- Variant cover art for Batman: The Widening Gyre #1 by Gene Ha.

Publication information
- Publisher: DC Comics
- Schedule: Monthly
- Format: Limited series
- Genre: Superhero;
- Publication date: October 2009 – July 2010
- No. of issues: 6
- Main character(s): Batman Baphomet Silver St. Cloud

Creative team
- Written by: Kevin Smith
- Penciller: Walt Flanagan
- Inker: Art Thibert
- Letterer: Jared K. Fletcher
- Colorist: Art Lyon
- Editor(s): Dan DiDio Mike Marts Janelle Siegel

Collected editions
- Hardcover: ISBN 1-4012-2875-5

= Batman: The Widening Gyre =

Comic book series by Kevin Smith

Batman: The Widening Gyre is the title of a six-issue comic book limited series starring Batman, released August 2009 through July 2010. The series is written by Kevin Smith and illustrated by Walt Flanagan. The title is a reference to the William Butler Yeats poem "The Second Coming".

The series was initially planned as 12 issues, with a long break planned between issues #6 and 7. After issue #6 was published, Smith and Flanagan's work on their reality show, Comic Book Men, extended this planned break further than expected. It was decided in the interim to release the remaining issues as a separate series to be called Batman: Bellicosity, that was due in 2014, but to date, remains unreleased, making the series out of continuity.

== Publication history ==
Batman: The Widening Gyre was written by Kevin Smith and illustrated by Walt Flanagan. They both had completed Batman: Cacophony. As Smith explained it, the series was to have 12 issues split into two six-issue books.
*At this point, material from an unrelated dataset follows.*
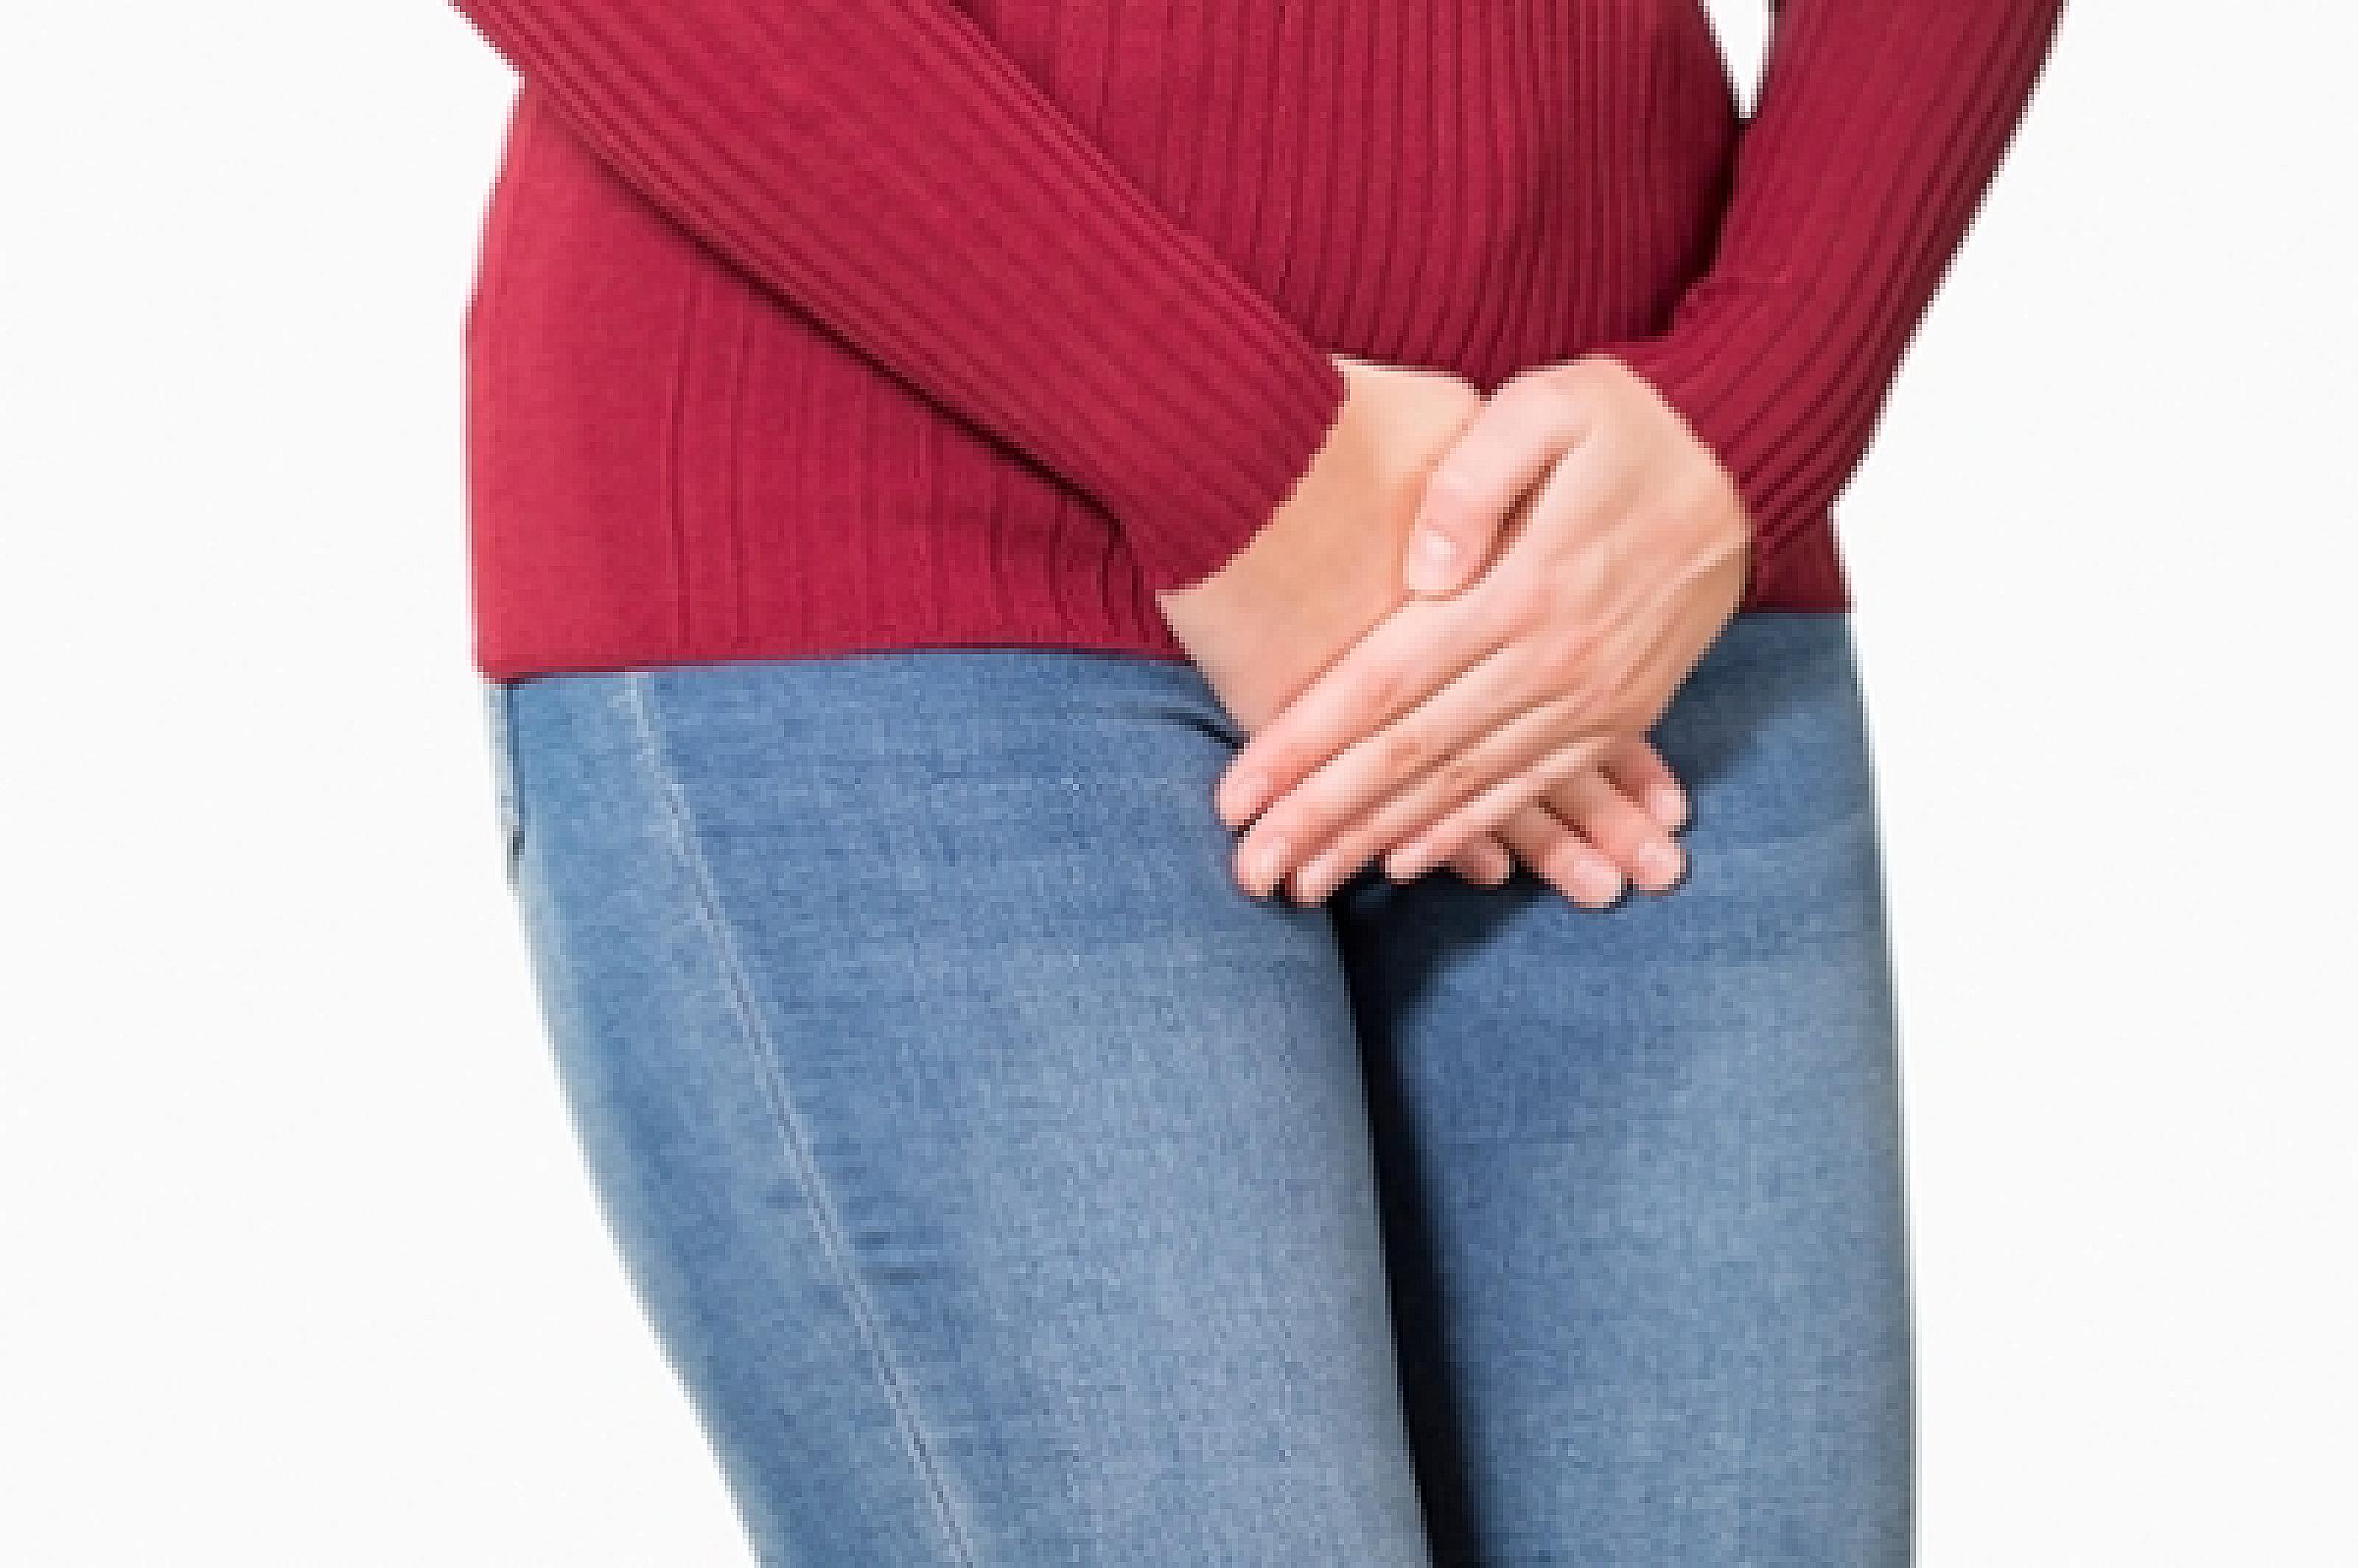 Woman experiencing urinary incontinence

Book 1 was supposed to run from August 2009 to January 2010 and, after a six-month hiatus, Book 2 from July through December 2010. Book 1 was plagued by several hiatuses and ran to July 2010 and Book 2 was pushed to late 2013. Ultimately, after further delays on Book 2, Smith decided to turn the second half of Batman: The Widening Gyre into a separately titled miniseries called Batman: Bellicosity. As delays continued the series has now been rendered out of continuity.

==Plot==
Following a tip from Nightwing, Batman discovers Arkham Asylum is completely overgrown with plant life. Upon investigation, Batman finds that Poison Ivy is currently in a dispute with Etrigan the Demon, and she has been turning Arkham Asylum into a fortress to protect herself. Batman and Etrigan do battle, but Batman is on the losing end. As Etrigan is about to deliver the deathblow, Batman is saved at the last minute by a new masked hero: a figure clad all in black with a silver cape, armed with a crossbow, and wearing a wooden mask resembling the head of a goat.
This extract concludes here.